• [WHAT THE TASK REQUIRES]: Each line of the data must be written out again verbatim; no image belongs in the copy.

• [SUPPLIED INFORMATION]:
┌──
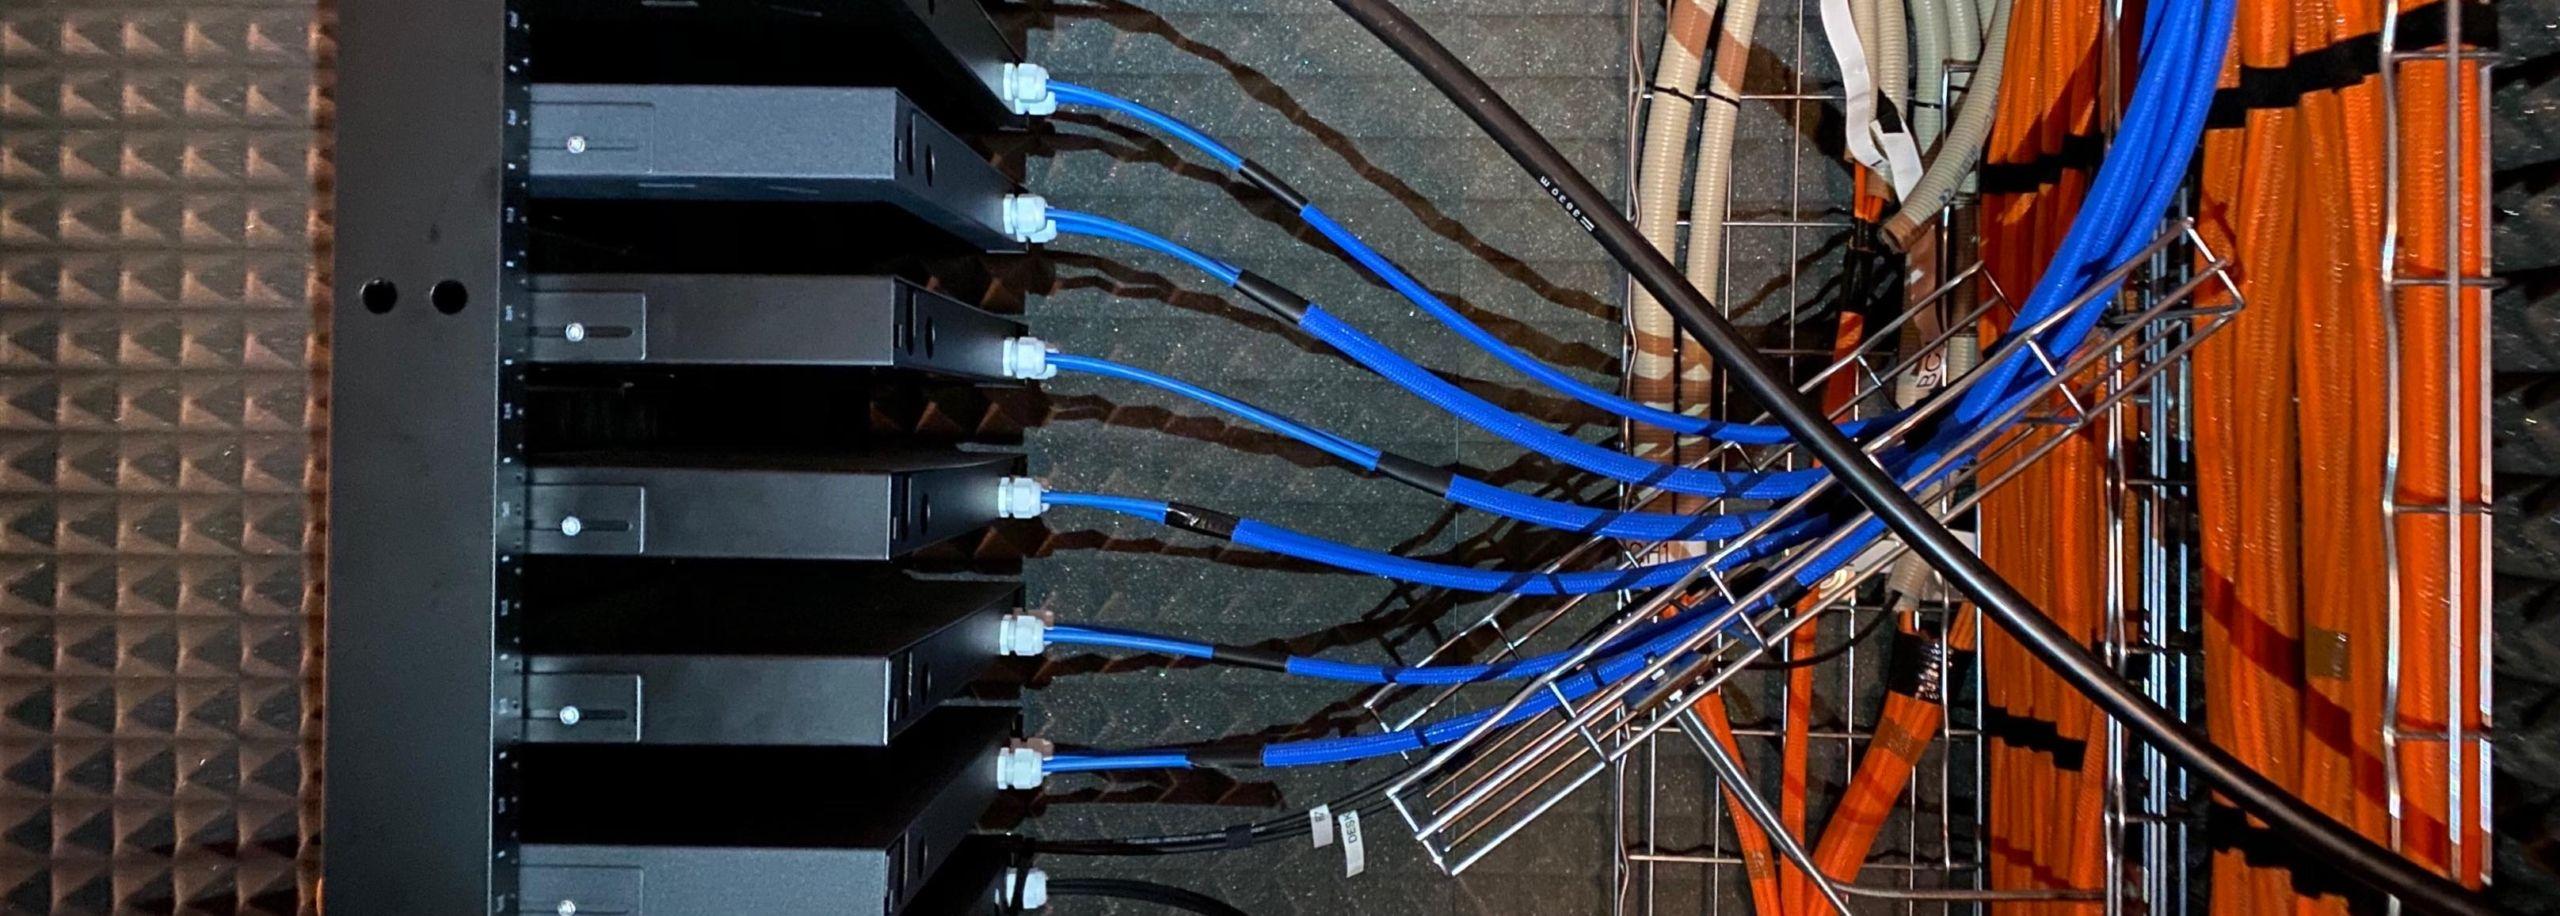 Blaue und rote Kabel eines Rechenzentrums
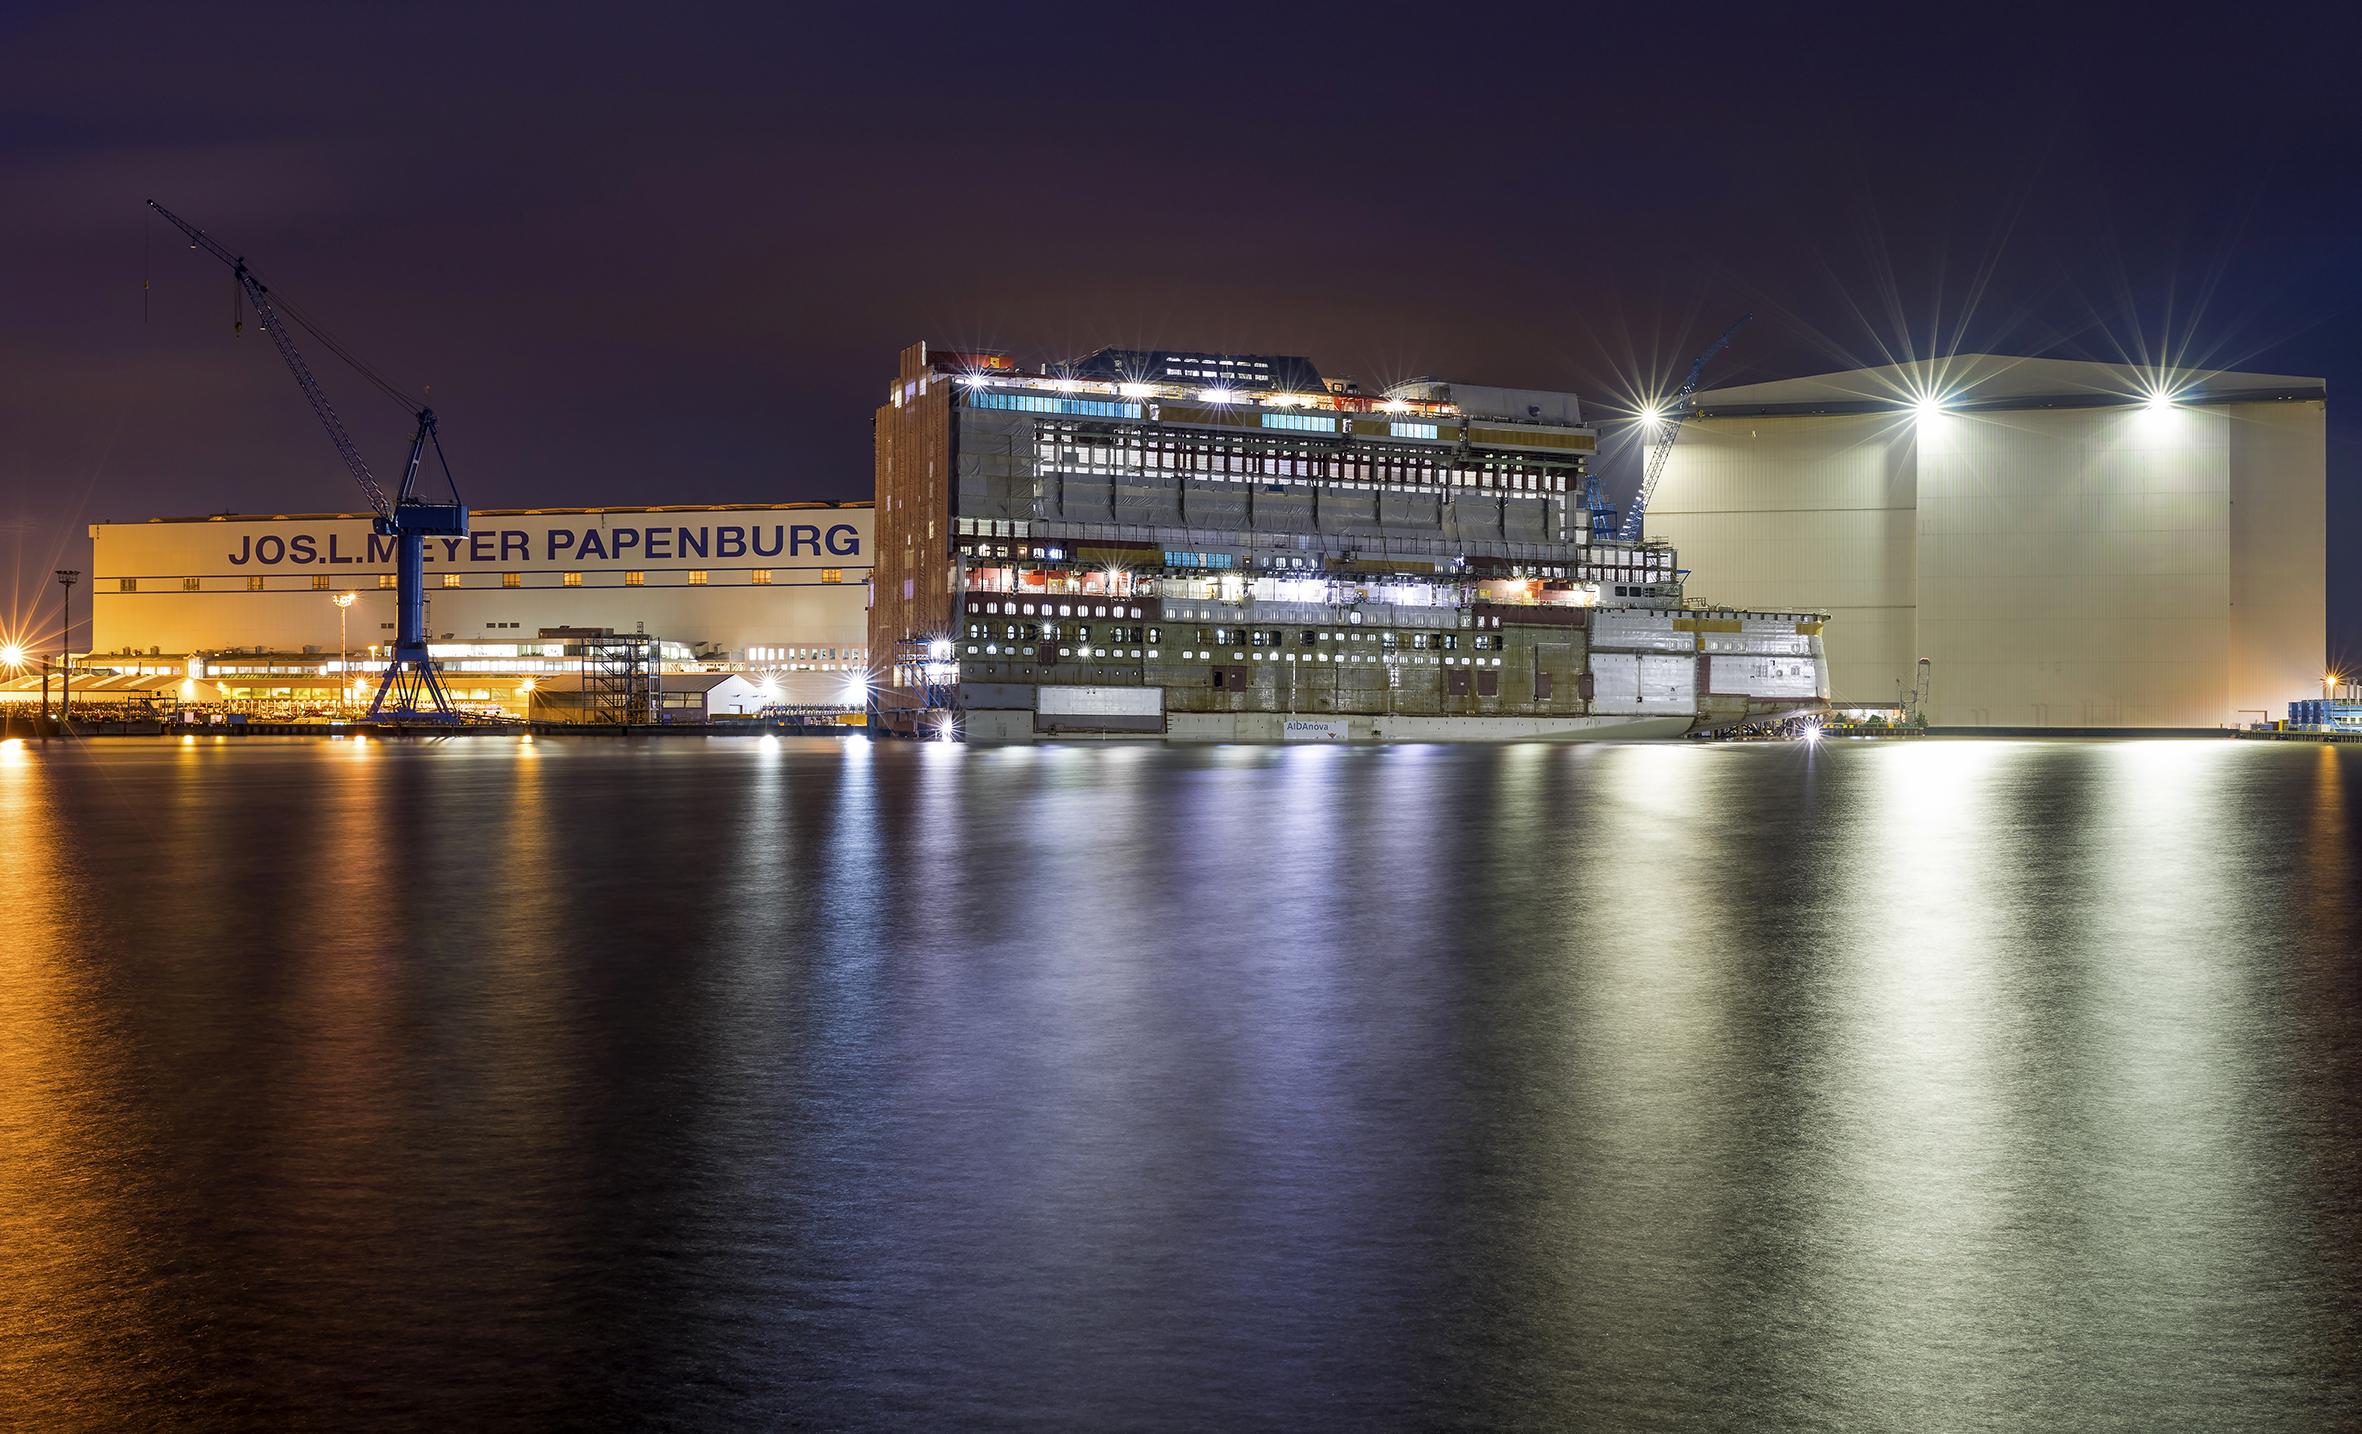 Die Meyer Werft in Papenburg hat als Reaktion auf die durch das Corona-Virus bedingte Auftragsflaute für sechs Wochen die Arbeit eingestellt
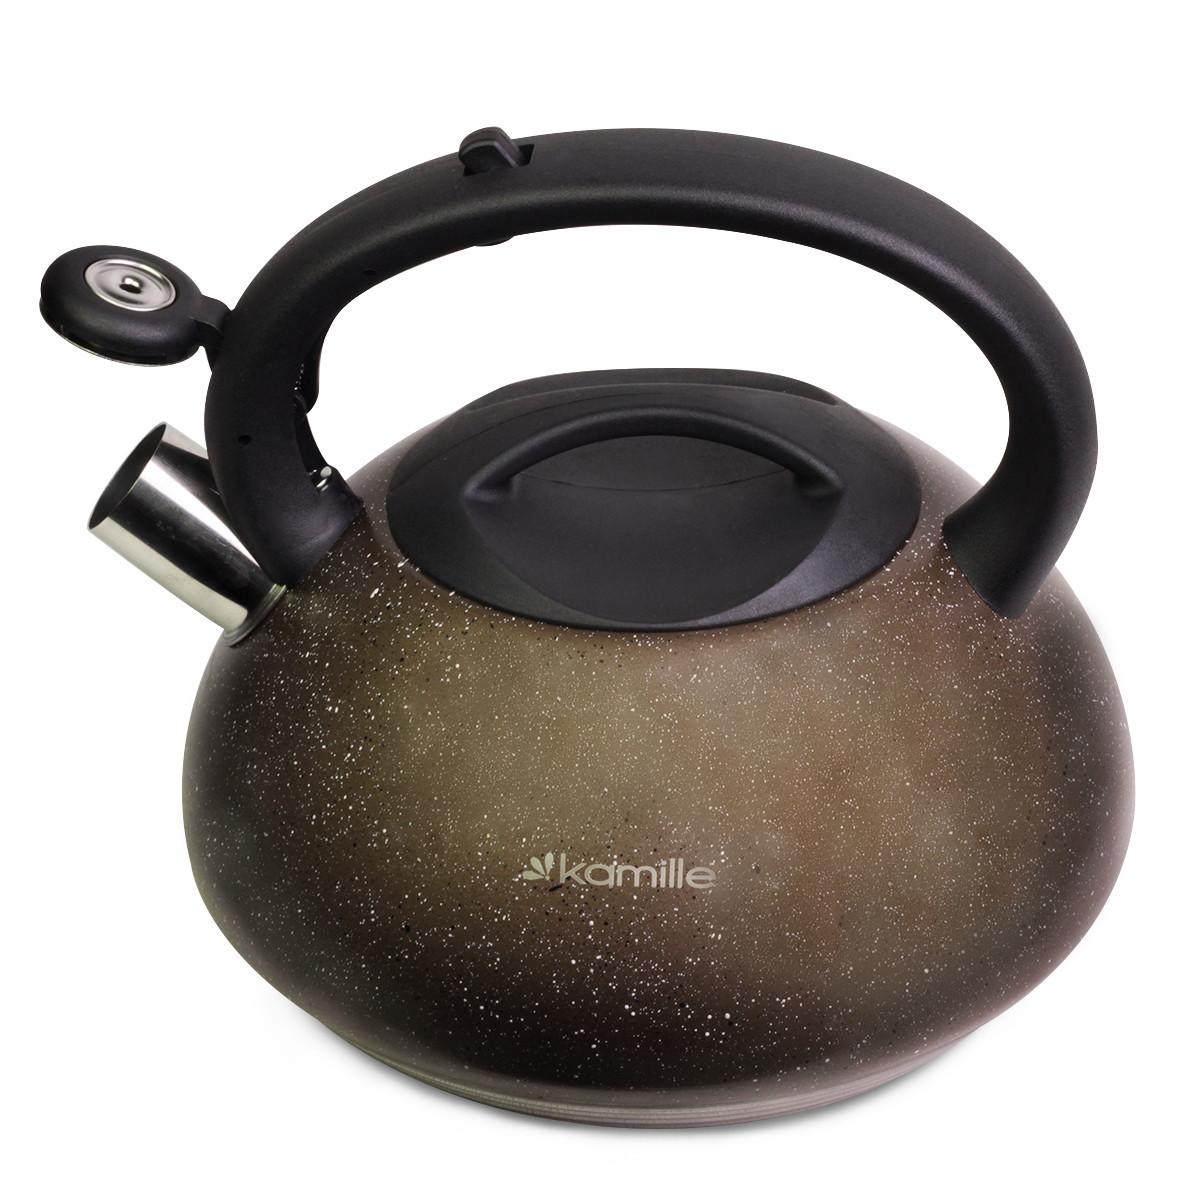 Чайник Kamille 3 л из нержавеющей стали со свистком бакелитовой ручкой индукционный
└──
• [PROBLEM SOLUTION]:
 Blaue und rote Kabel eines Rechenzentrums
 Die Meyer Werft in Papenburg hat als Reaktion auf die durch das Corona-Virus bedingte Auftragsflaute für sechs Wochen die Arbeit eingestellt
 Чайник Kamille 3 л из нержавеющей стали со свистком бакелитовой ручкой индукционный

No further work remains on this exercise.